Mmm...this looks perfect. How did you know? When I'm home alone I make a huge pot of some favorite vegetable and find one little "something else" (a few little pieces of sausage or half of a left over chicken breast). I'm trying this.

posted by Joanne on 2006-10-23 11:27:41

I love kale. I usually mix it with mashed potatoes to make colcannon. I think I might try your recipe sometime this week since the weather just suddenly turned cold on us (a little earlier than usual). A little chopped sausage might make it even more hearty. :)

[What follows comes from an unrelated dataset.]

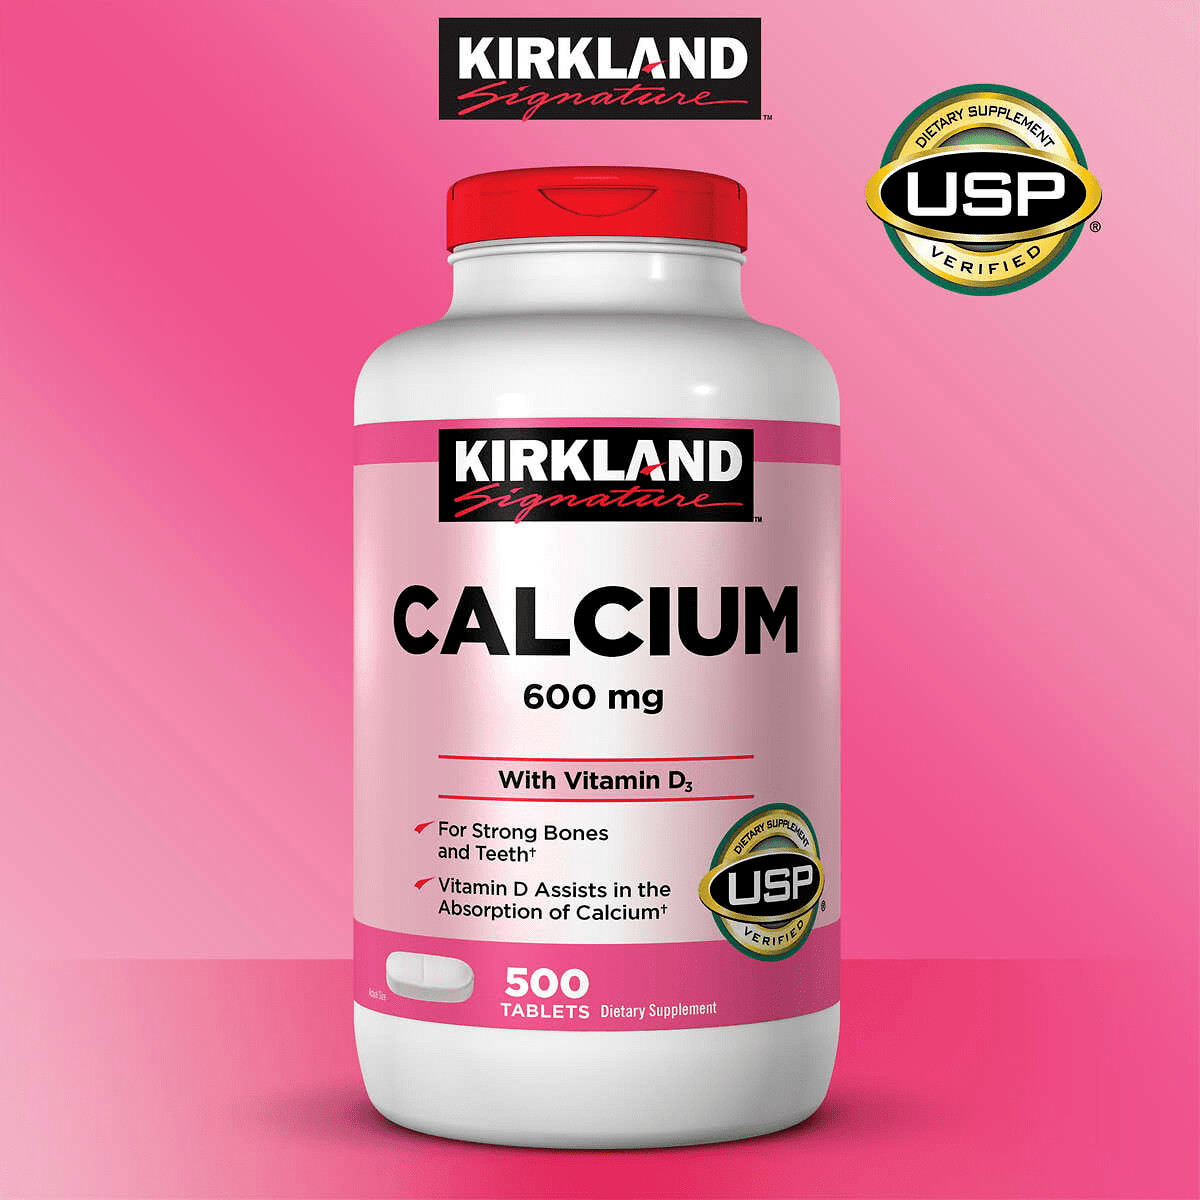 1 Tablet Kirkland Signature Calcium 600mg + Vitamin D3 - SOLD PER PIECE

Brussel sprouts are definitely something I wind up having to eat alone. Everyone I know utterly hates them. I like to cut them up and make something akin to a green bean casserole with them.

posted by verily on 2006-10-23 12:09:17

Verily, I like the sausage idea.

I have to eat brussel sprouts alone too. I like them roasted with garlic and olive oil.

Check out this brussel sprout recipe from The Little Owl chef from Martha's show last week:
http://www.marthastewart.com/page.jhtml?type=content&id=recipe4880138&layout=martha

I don't know if I have the energy to peel leaves off brussel sprouts for a crowd that probably won't like them, but a variation on this recipe could be another great dinner for one.

posted by Chris on 2006-10-23 12:16:22

Mmmm.. brussel sprouts.

I always end up having to eat mine alone as well, but I do mine in a faux asian/stirfry way.

Trim them, slice them in half. Throw them into a pan with a 1/4" water in there. Clamp and lid and let them steam to al dente (5 minutes or so). Pull from the pan, dump the excess water.

Heat the pan with sesame oil, add minced garlic and ginger then julienned red bell pepper for a few seconds to get the heat rolling. Add the brussel sprouts to get them seared.

Finally add sliced green onion (thin whites, large greens) and a small amount of my quick sauce of soy, black vinegar, garlic chile paste and some cornstarch. Thicken the sauce, toss to coat and throw into a bowl with chopsticks. I love it. No one else does. My girl thinks I'm insane for eating brussel sprouts!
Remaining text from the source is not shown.